5 Things Published Online You Should Read

by Treehouse Editors

Johannes Lichtman

  1. “Visiting Writers” by Ravi Mangla at Uncanny Valley: Here’s an example of how to use online platforms to enhance the experience of reading really good writing. In a series of flash fictions, Ravi Mangla introduces us to famous writers:
    Wallace Stevens came to our door selling insurance. He was young and wore a white linen suit with the dry cleaning tag still attached to the sleeve. He handed my father his business card. The day was bright and his face was flushed red from the heat. My father called him Mr. Stevens, and he stopped him. Mr. Stevens was my father’s name, he said. My father asked him what name he preferred.
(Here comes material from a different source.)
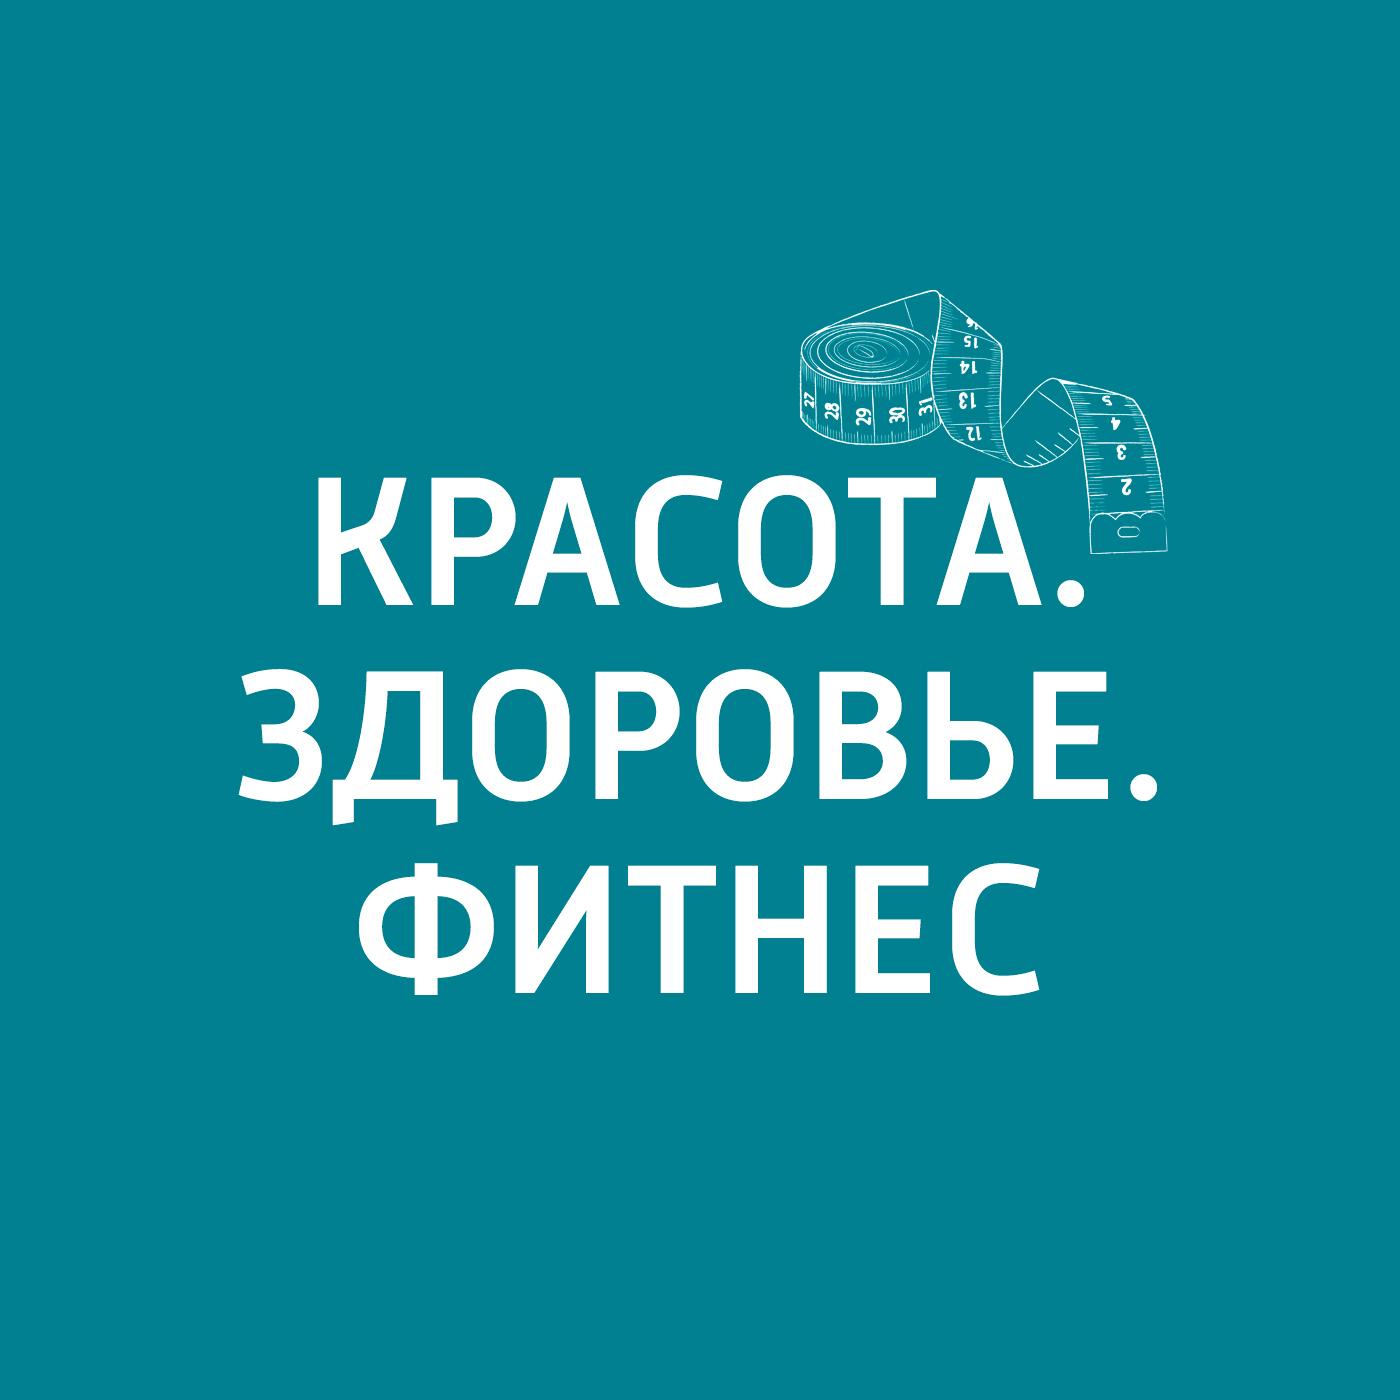 Маргарита Митрофанова Парфюмерия парфюмерия

He loosened the knot in his tie. Mr. Stevens is fine, he said.
  2. “Las Casas” by Patrick Somerville at HTMLGIANT. This excerpt from Patrick Somerville’s forthcoming novel, This Bright River, follows a hypnotic conversation about evil. Somerville’s last two books, The Cradle and The Universe in Miniature in Miniature, could hardly have been better or more different, so I’m eagerly awaiting this one. Here’s a pretty cool trailer for it.
  3. “Plans” by Kiki Vera Johnson at The Fiddleback. A poem that takes the form of an existential to-do list:
    Forget feminism
    Eat a tomato
    Diagram personal wins and losses in a pie
    Stop envying law degrees
  4. “Occupy Wilmington” by Peter C. Baker at n+1. In this concise essay, Baker uses an unusual occupation in North Carolina to look at the racial issue of the Occupy movement.
  5. “Wild Honey” by Andrew Brininstool at PANK. Great flash fiction from one of my favorite young writers: “Where I live now the churches rival shopping malls in square-footage and parking. The pastor’s are all shellac and glean, with wives made-up as if ready for burial.”